# New farecla g3 premium



## pcm1980 (May 4, 2009)

Just wondering if any of u have tried the new farecla g3 premium compound? Just got it on demo at work and i must say that im impessed. Much quicker than 3m fast cut plus and finishes down really nice. 
http://refinishsystems.com/index.php?route=product/product&product_id=1318


----------



## SamD (Oct 24, 2015)

Not yet but I will give it a go, had no problems with 3m fast cut as yet.


----------



## Slammedorion (Apr 13, 2014)

We've had a couple of reps visit our work place over the last few weeks, been spending full days with us trying bits and bobs on cars
Foam heads, different compounds etc etc

Really really impressive stuff, smells good too... :thumb:


----------



## waqasr (Oct 22, 2011)

Does it still require water occasionally?


----------



## pcm1980 (May 4, 2009)

Yeah i agree that fast cut is very good and i personally love the stuff, but the new farecla is even better and know a lot bodyshops are switching to it.


----------



## pcm1980 (May 4, 2009)

waqasr said:


> Does it still require water occasionally?

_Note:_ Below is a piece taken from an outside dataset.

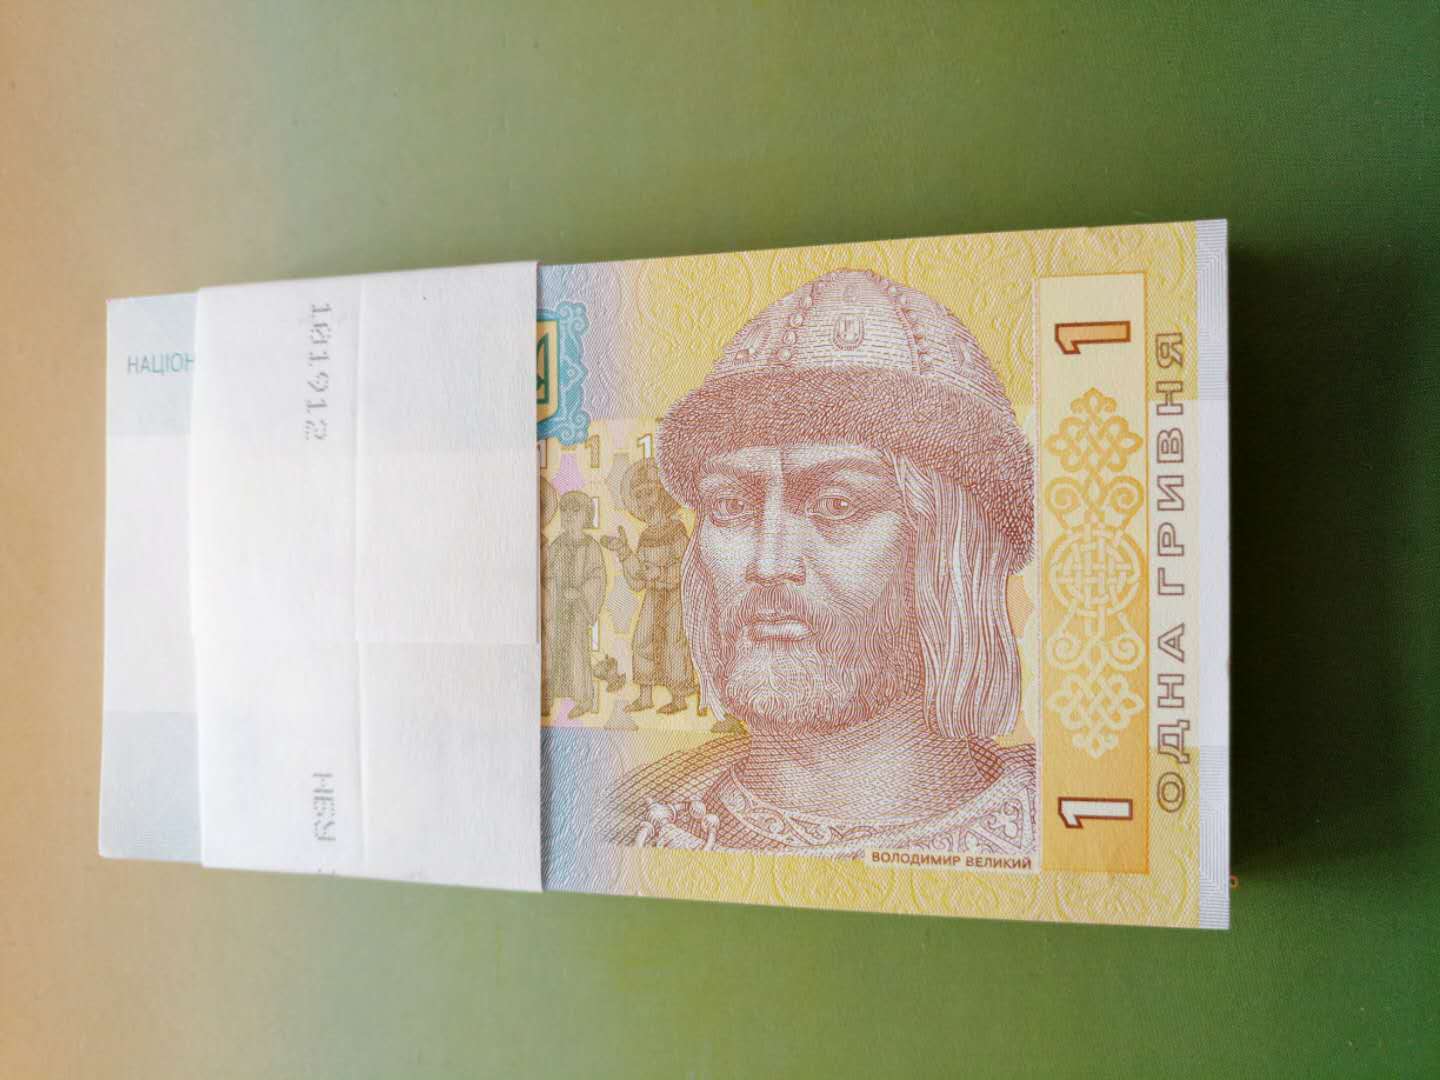 0起拍,乌克兰1纸币捆拆带狮子

No water required. The system is a one compound system. Simply use a compounding head to remove flatting marks and work polish until it goes clear and oily looking, then switch to a glazing/finishing head and reapply a small amount and work until clear and oily again, a quick wipe and wow! Very quick and easy system, i also think its cleaner and less dusty than fast cut.


----------



## Andyb0127 (Jan 16, 2011)

Not had at our bodyshop yet, we still use 3m system which is good. We did try finixia one step compound which to be fair was really good but our company stopped using it.so may be worth looking into this farecla compound.


----------



## pcm1980 (May 4, 2009)

Anybody tried it yet? Loads quicker and nicer to use than 3m system. Better results too in my opinion. 

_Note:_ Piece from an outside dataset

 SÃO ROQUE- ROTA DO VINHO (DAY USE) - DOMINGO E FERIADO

Sent from my SM-G920F using Tapatalk


----------



## theshoe202 (Mar 3, 2016)

pcm1980 said:


> Anybody tried it yet? Loads quicker and nicer to use than 3m system. Better results too in my opinion.
> 
> Sent from my SM-G920F using Tapatalk


I'm just about to buy some, what head are you using and what technique, speed and prep are you using ? Also i assume you used it on new paint ?

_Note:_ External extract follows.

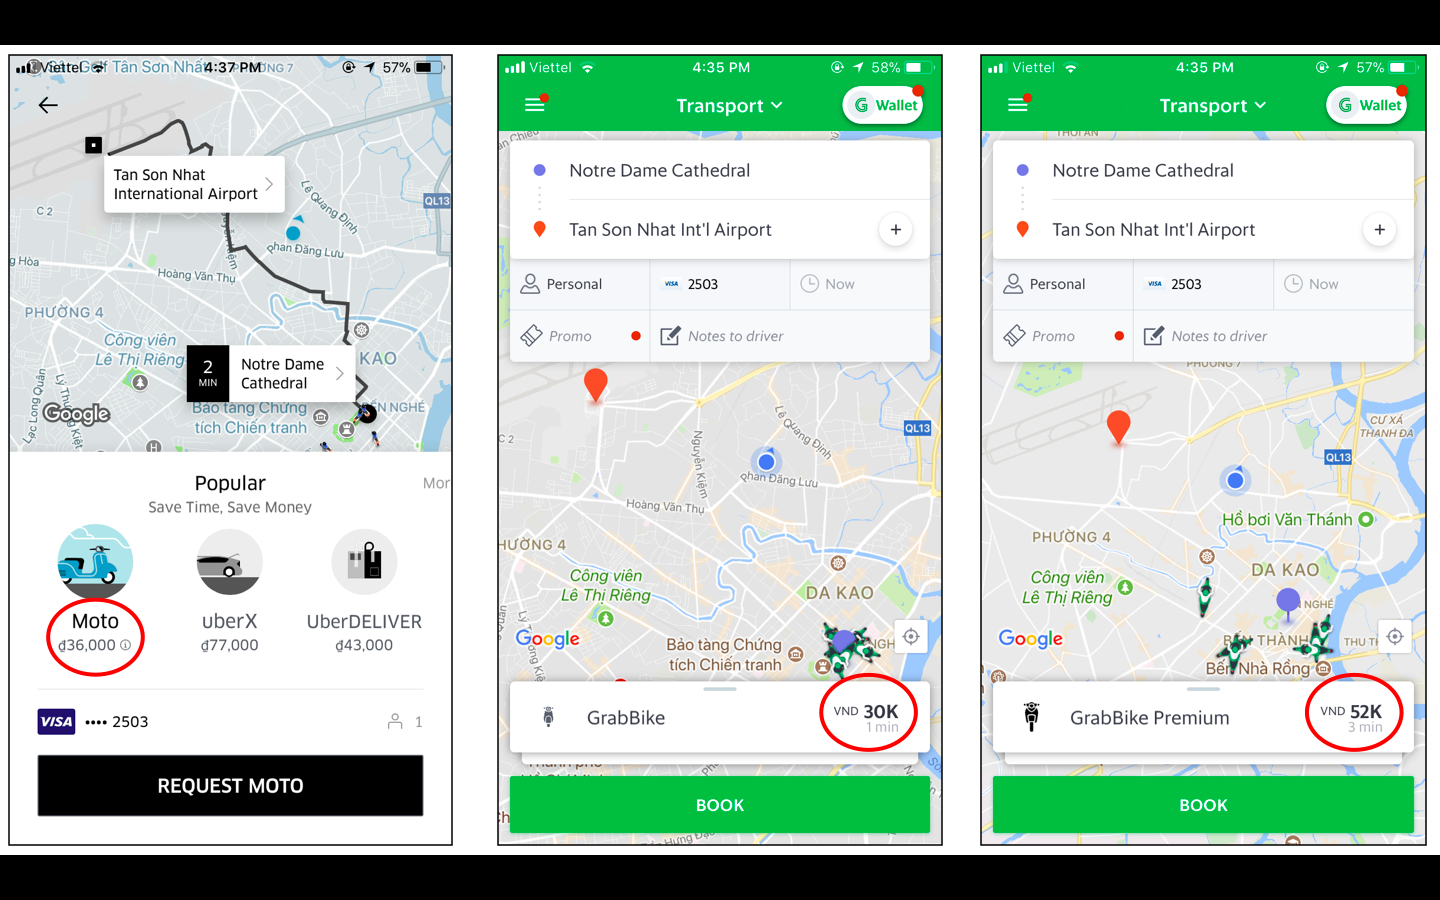 Fare comparison between UberMOTO, GrabBike and GrabBike Premium, November 3,0 2017. Photo: Tien Bui/Tuoi Tre News

Sent from my HTC One_M8 using Tapatalk


----------



## pcm1980 (May 4, 2009)

Yeah i use it on new paint. I just use it with the 2 heads that come with it in the system, the yellow one for compounding with and black for finishing. I have found that it finishes so nice with the yellow head, that there isnt really any need to use the black head, even on dark colour cars. It is a massive improvement over the 3m range and previous farecla ranges.
Im sure you will think so too. 👍

Sent from my SM-G920F using Tapatalk


----------



## theshoe202 (Mar 3, 2016)

pcm1980 said:


> Yeah i use it on new paint. I just use it with the 2 heads that come with it in the system, the yellow one for compounding with and black for finishing. I have found that it finishes so nice with the yellow head, that there isnt really any need to use the black head, even on dark colour cars. It is a massive improvement over the 3m range and previous farecla ranges.
> Im sure you will think so too. 👍
> 
> Sent from my SM-G920F using Tapatalk


Just ordered some cheers!, I'll feed back when I've used it! Got a few jobs to do over the next week or so ! Did you use it directly after 1500 as they claim

Sent from my HTC One_M8 using Tapatalk


----------



## pcm1980 (May 4, 2009)

No, we de-nib 1500 then 3m trizact (3000) then polish. It does polish up effortlessly.

Sent from my SM-G920F using Tapatalk


----------



## theshoe202 (Mar 3, 2016)

Cheers, I'll try that. 

Sent from my HTC One_M8 using Tapatalk


----------



## theshoe202 (Mar 3, 2016)

Just used this for the first time. Brilliant stuff, a miles better than normal g3. Also just changed my clear for some cheap kapci anti scratch stuff to some Max Meyer 0200. So much better to use, flat and polish . @pcm1980 thanks for the tip off !

Sent from my HTC One_M8 using Tapatalk


----------



## NorthantsPete (May 18, 2016)

how does it compare to say Sonax 4-6?


----------